13 minute read

Obtaining data from publicly accessible databases, cleaning it up, and creating 3D density maps has become quite popular lately. In this post, I will explore how to do this in R using simple and straightforward methods and packages. Most of the heavy coding is already done in these packages, so we’ll be producing the glue code around them to produce a 3D map from scratch (Disclaimer: there will be some rant about the pipe in R as well…)

As a quick overview, we will be collecting observation data for the common raven (Corvus corax) from the Global Biodiversity Information Facility, cleaning the data and using it to generate gridded density maps.

Advertisement


Setting the scene

We will be using some packages for this script:

  • rgbif to search and download observation data from GBIF
  • CoordinateCleaner to clean up geographical data
  • spatstat for easy Kernel density calculation
  • terra, which replaces raster package for working with spatial rasters and vectors
  • rayshader does the 3D magic in R.

Most of these packages can be installed via CRAN using the typical install.packages("xxxxx") command. However, I encountered some errors with the CRAN version of rayshader and had to install the development version instead. To do this, you will need the devtools package and run the command devtools::install_github("tylermorganwall/rayshader").

library(rgbif)
library(CoordinateCleaner)
library(spatstat)
library(terra)
library(rayshader)

Obtaining the data

We will be searching for all available data on the common raven (Corvus corax) at GBIF. While the GBIF web interface allows users to select and download a zip file, we will be performing all of these tasks directly from R. To begin, you will need to create a GBIF account if you haven’t already done so. To register, visit their webpage and create an account.

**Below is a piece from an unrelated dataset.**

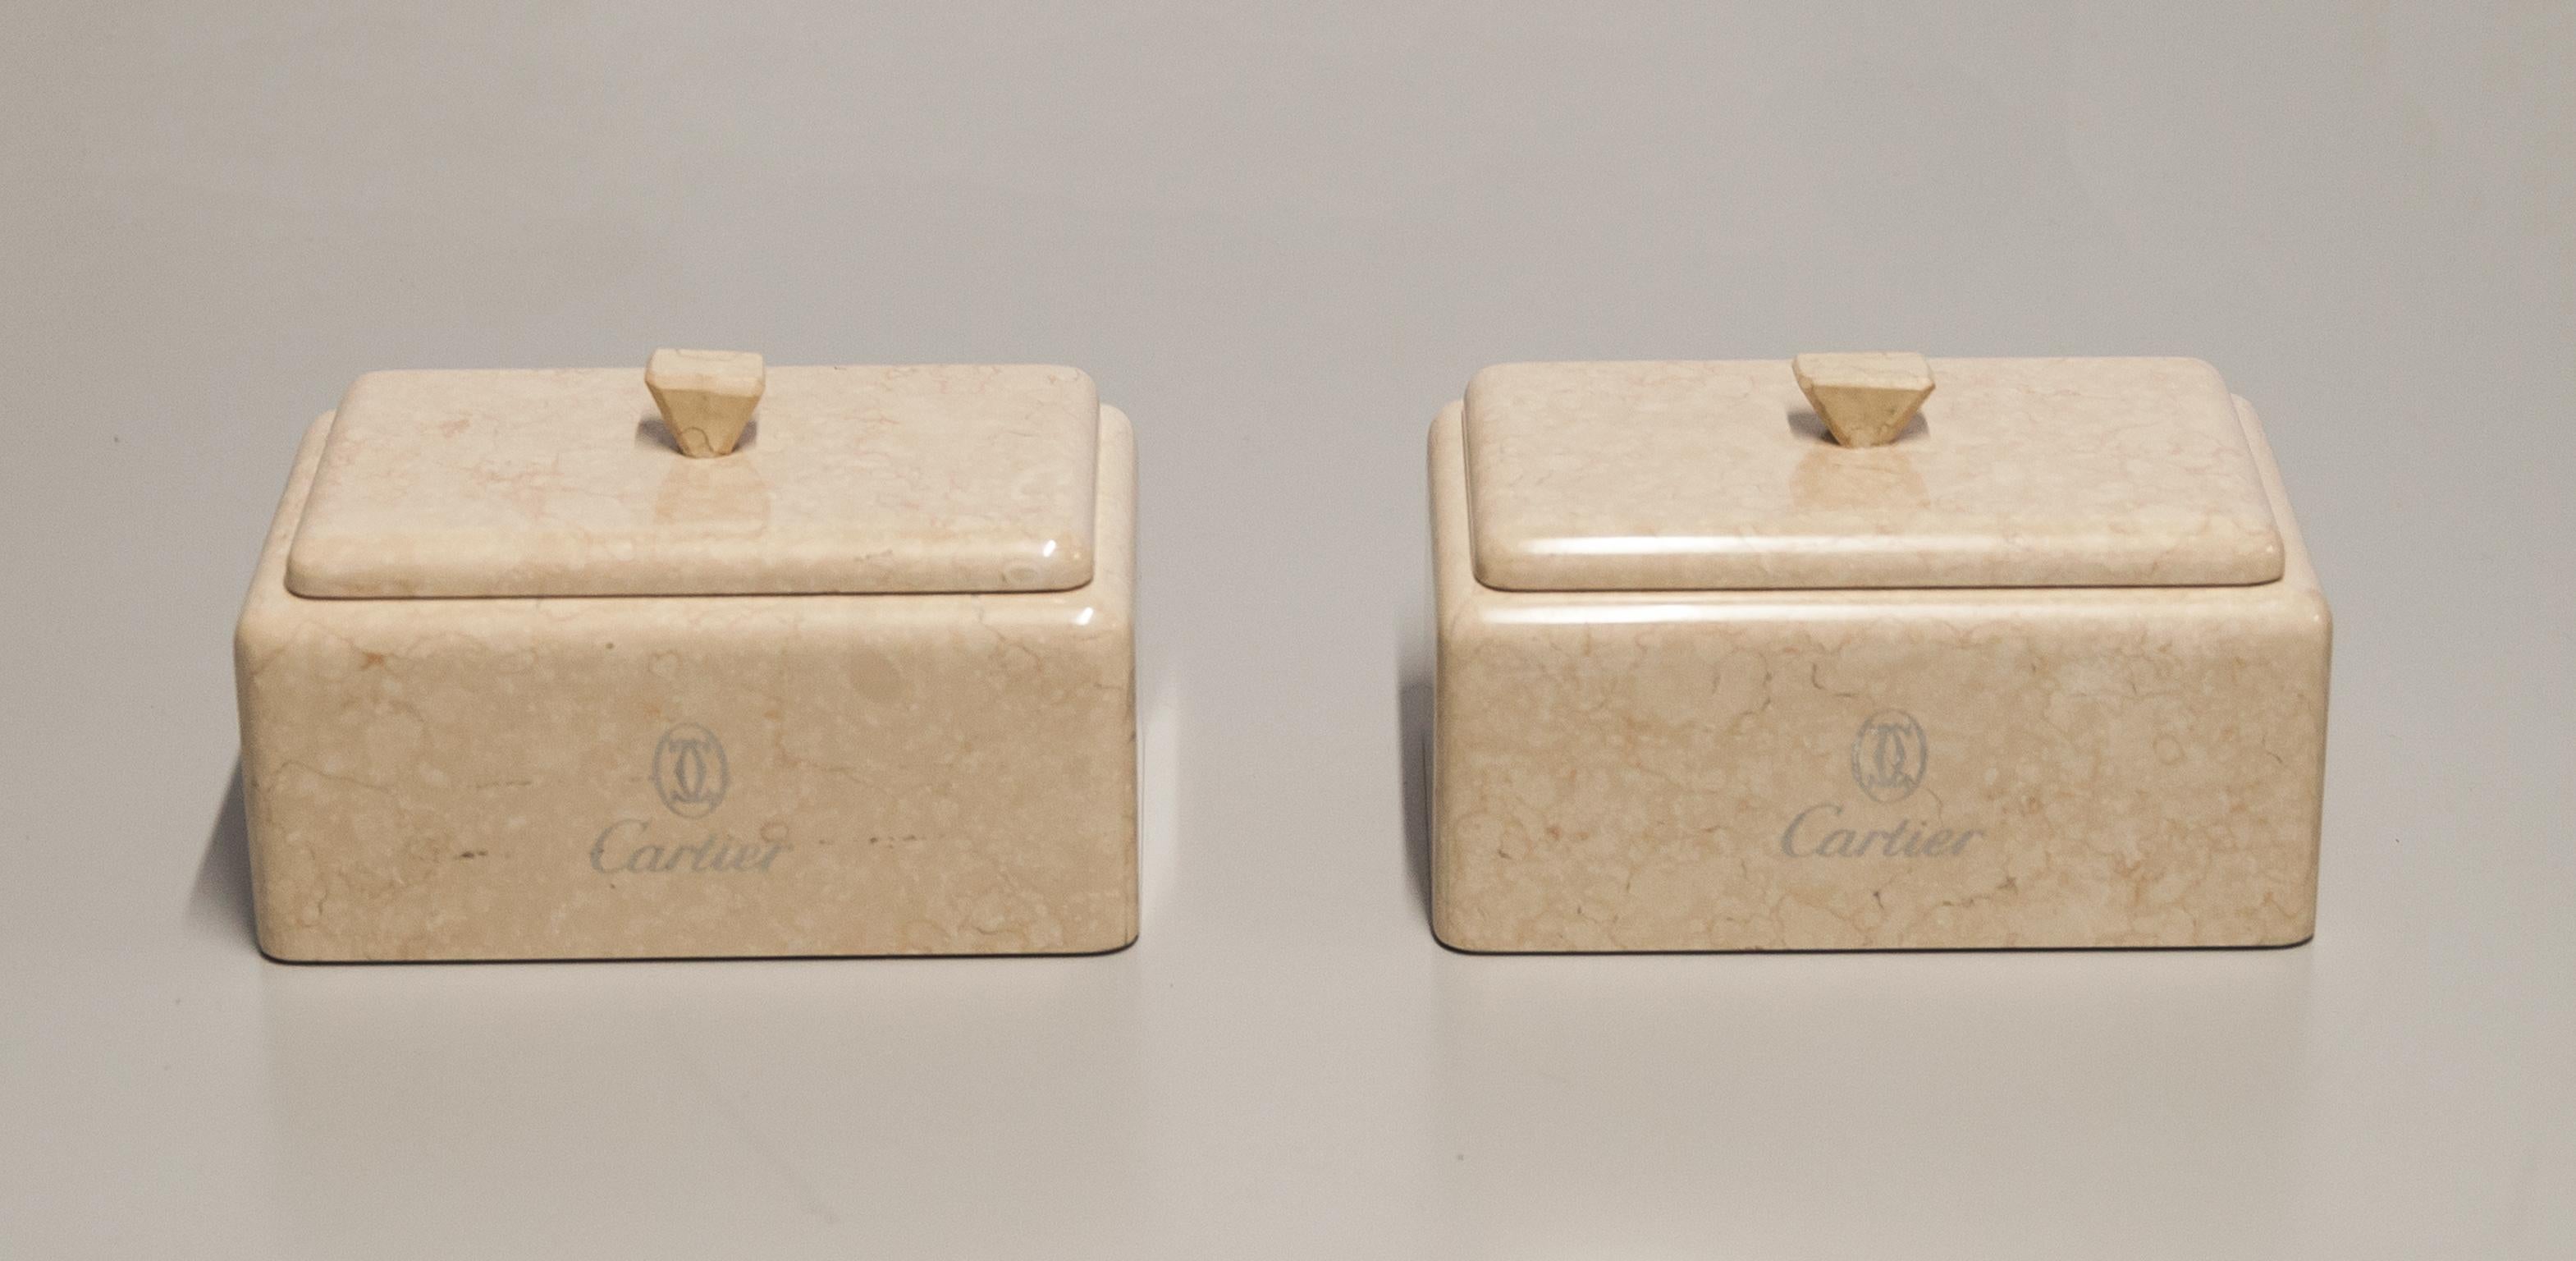 Elégantes boîtes en marbre réalisées pour Cartier avec le Logo gravé en argent en excellent état.

Once registered, we set some variables with our GBIF credentials to establish a connection:

user <- "xxxxxxxx"
pwd <- "xxxxxxx"
email <- "yyyy@xx.zz"

To search for data, we will need to use the taxon key for Corvus corax rather than its name. To retrieve the taxon key, we can use the taxa database provided by GBIF.

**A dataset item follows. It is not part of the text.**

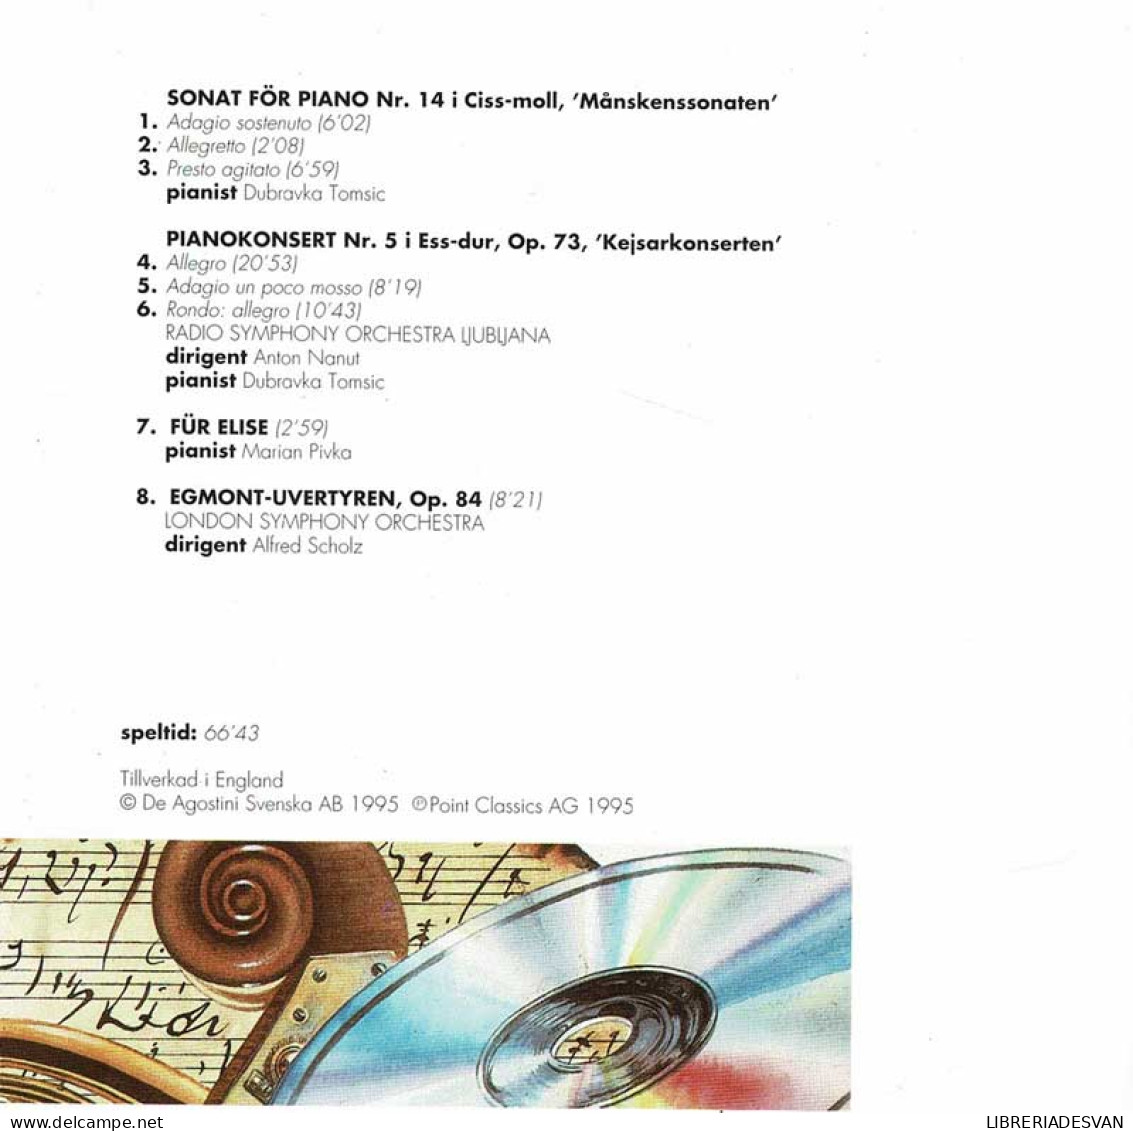 De Klassiska Kompositorerna - Beethoven. Melodiska Masterverk. CD - Clásica

tx <- name_backbone_checklist("Corvus corax")
txkey <- tx$usageKey

We can now query the GBIF database for observational data. To retrieve only observations with latitude and longitude, we will set two filters: one for the taxon and one for the presence of coordinates. In this example, we will use the comma-separated values (CSV) format. Please note that this process can take some time, as there are many lines of data for this species. To monitor the download status, we can set a download wait flag and check for the status change from ‘running’ to ‘succeeded’ before downloading the data.

cc <- occ_download(
    pred("taxonKey", txkey),
    pred("hasCoordinate", TRUE),
    format = "SIMPLE_CSV",
    user=user,pwd=pwd,email=email)

res <- occ_download_wait(cc)
data_file <- occ_download_get(cc)

The occ_download_get will download a zip file to the current working directory. We can import the data to a tibble:

d <- occ_download_import(dataFile)

If we need to use the same data in another R session or script, we can avoid querying the GBIF website again by using the zip file that was saved. To load the data from the zip file, we can use the following command, replacing GBIF_data.zip with the actual name of the zip file:

d <- occ_download_import(as.download("GBIF_data.zip"))

Coordinate cleaning

Instead of using the whole dataset blindly, we will clean some of the observations based on the attribute data. The CoordinateCleaner package facilitates this task by providing a set of methods to remove unnecessary data. We convert the tibble to a data frame and flag each record based on a set of criteria, including coordinate validity, identical coordinates, erroneous coordinates, and observations that match known geographical locations such as capitals, country centroids, or institutional headquarters.

dat <- data.frame(d)
tests <- c("capitals", "centroids", "equal", "gbif",
          "institutions", "zeros")
flags <- clean_coordinates(x = dat,
                           lon = "decimalLongitude",
                           lat = "decimalLatitude",
                           species = "species",
                           countries = "countryCode",
                           country_refcol = "iso_a2",
                           tests = tests)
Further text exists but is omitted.